* INFORMATION PROVIDED

※ ※ ※

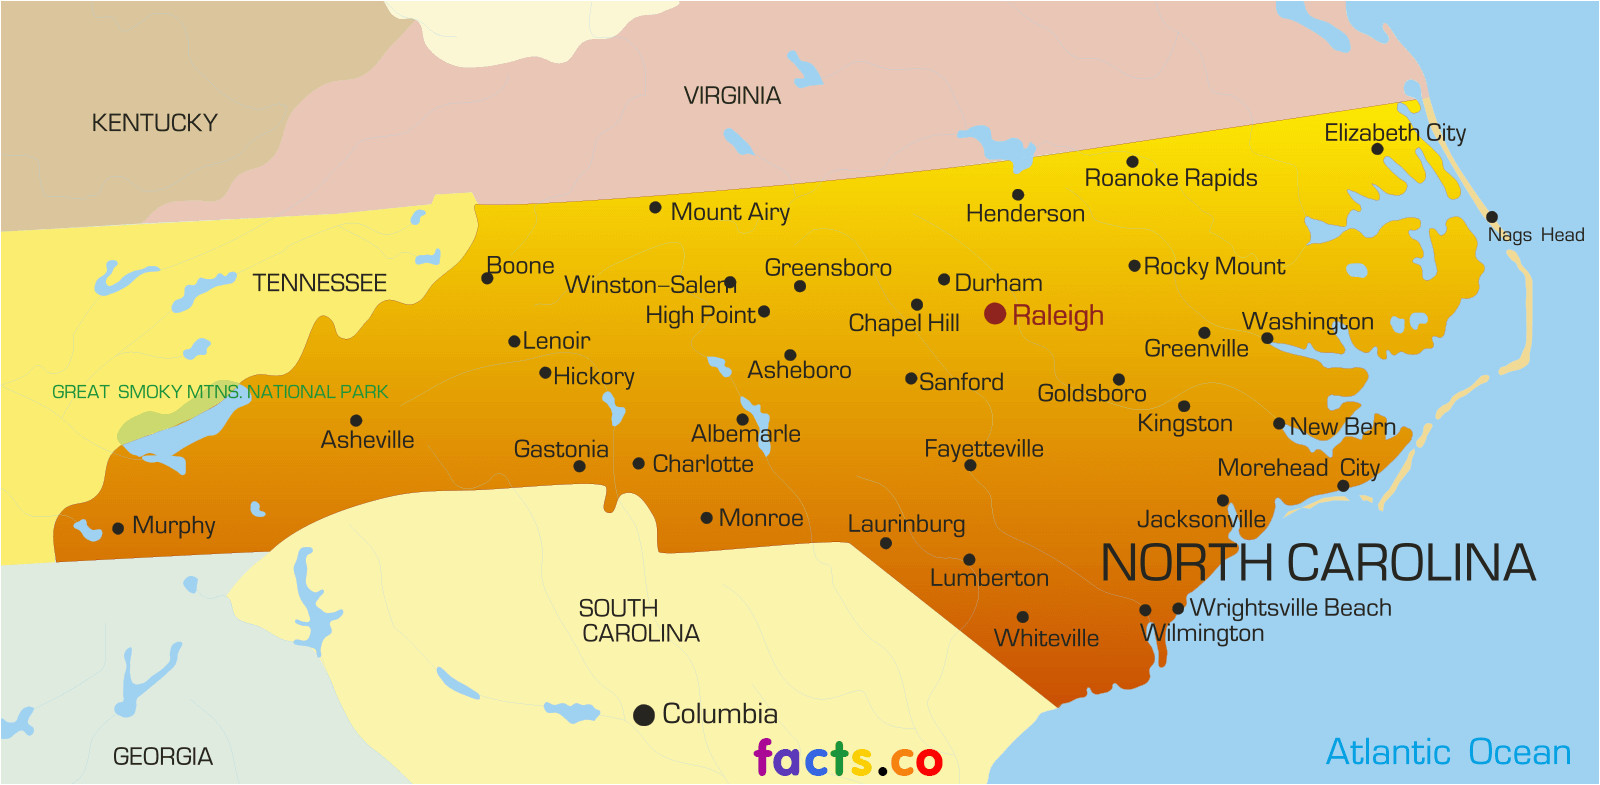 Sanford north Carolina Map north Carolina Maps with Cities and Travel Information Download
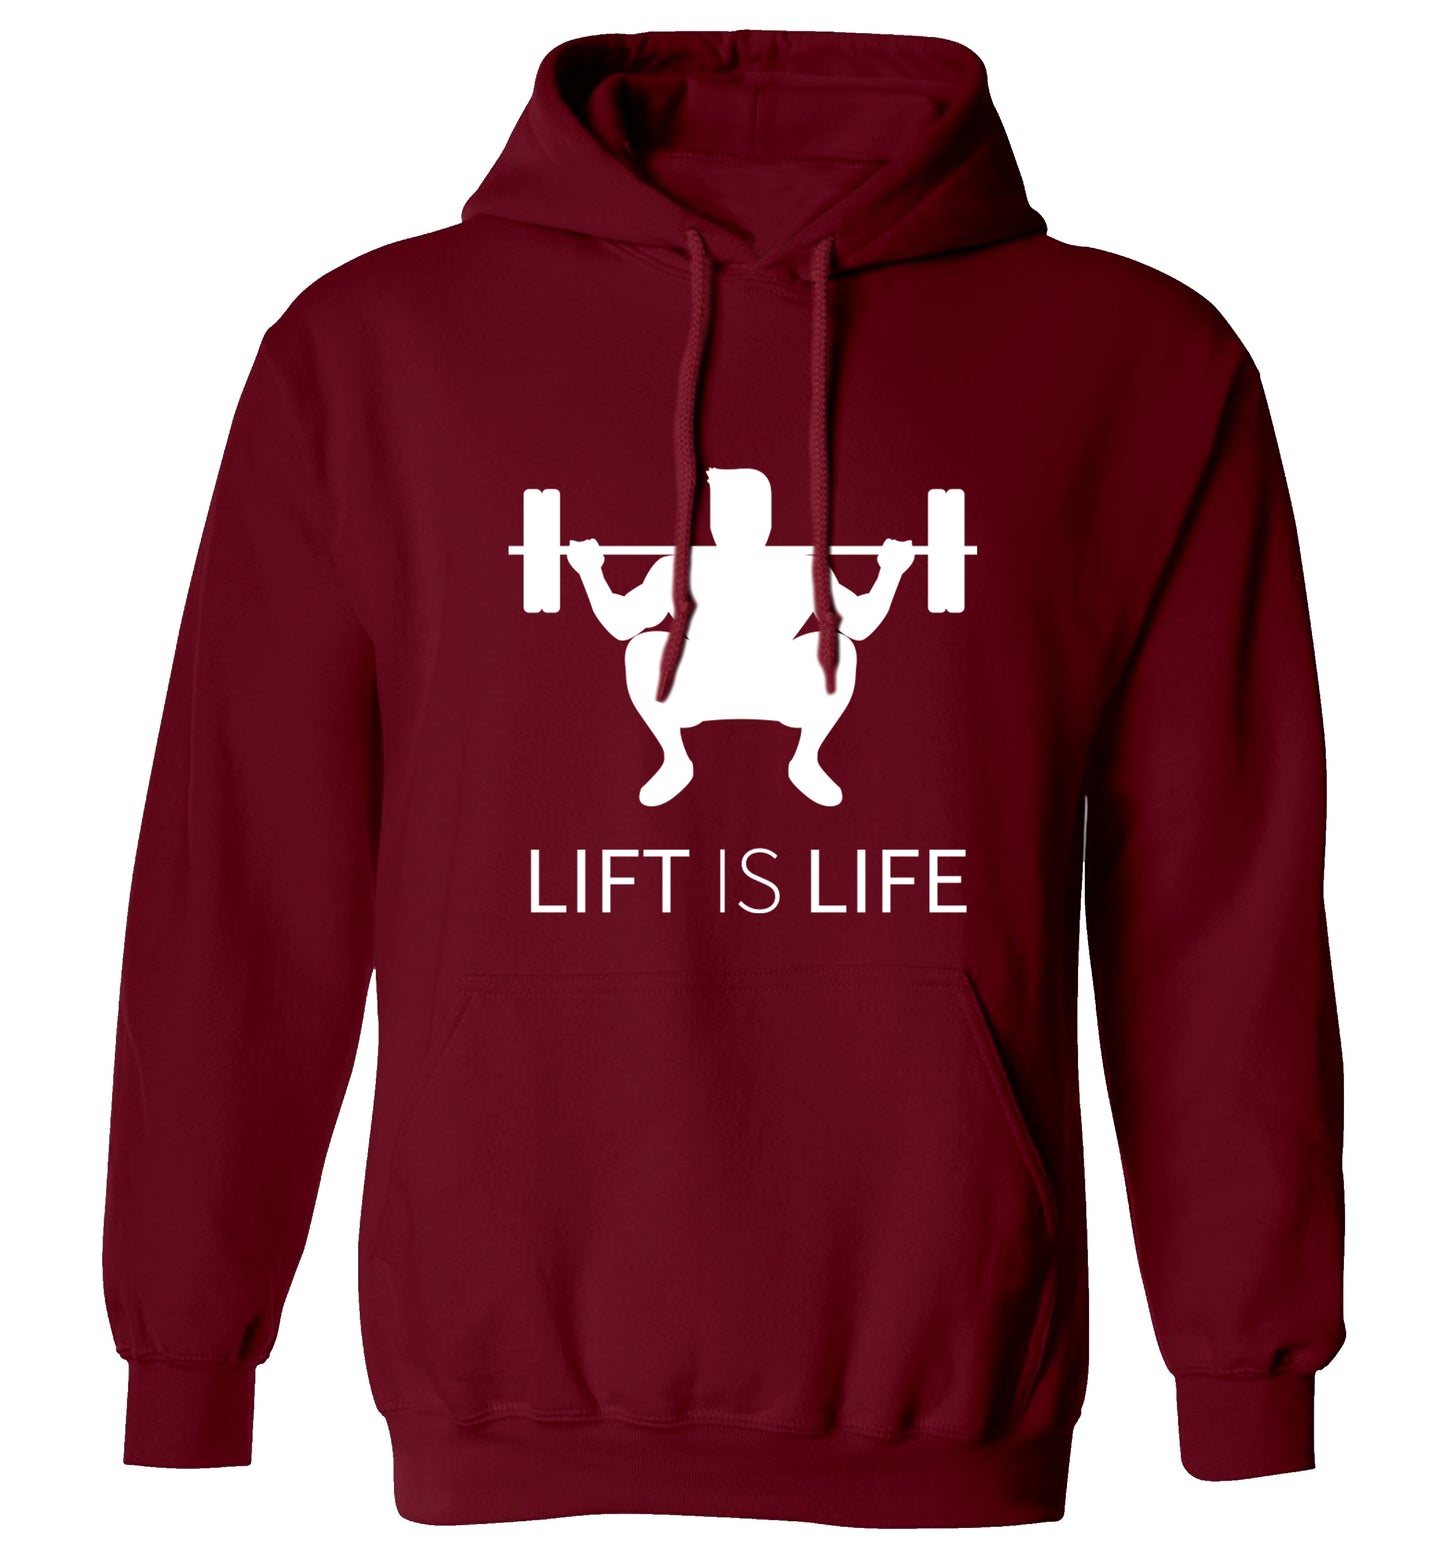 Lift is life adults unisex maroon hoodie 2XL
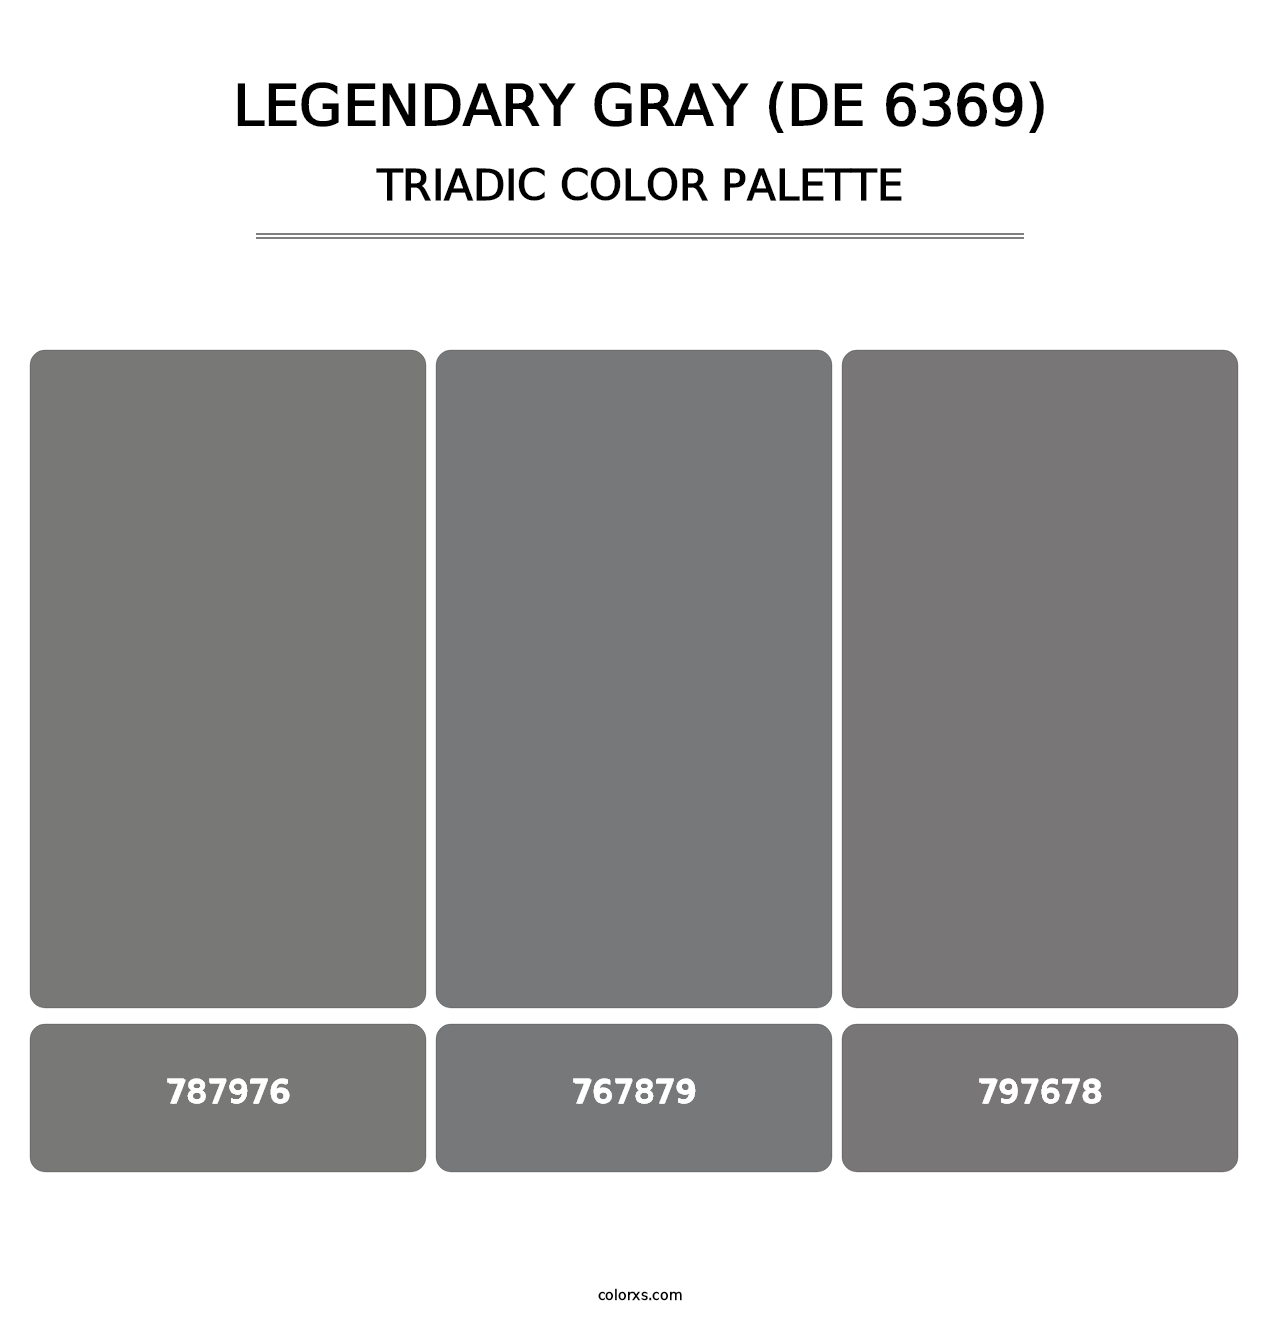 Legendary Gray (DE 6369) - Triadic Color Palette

※ ※ ※

* WHAT YOU ARE ASKED TO DO
Quote the data above in full and without alteration; skip the pictures.

* ANSWER SPACE
 Sanford north Carolina Map north Carolina Maps with Cities and Travel Information Download
 Lift is life adults unisex maroon hoodie 2XL
 Legendary Gray (DE 6369) - Triadic Color Palette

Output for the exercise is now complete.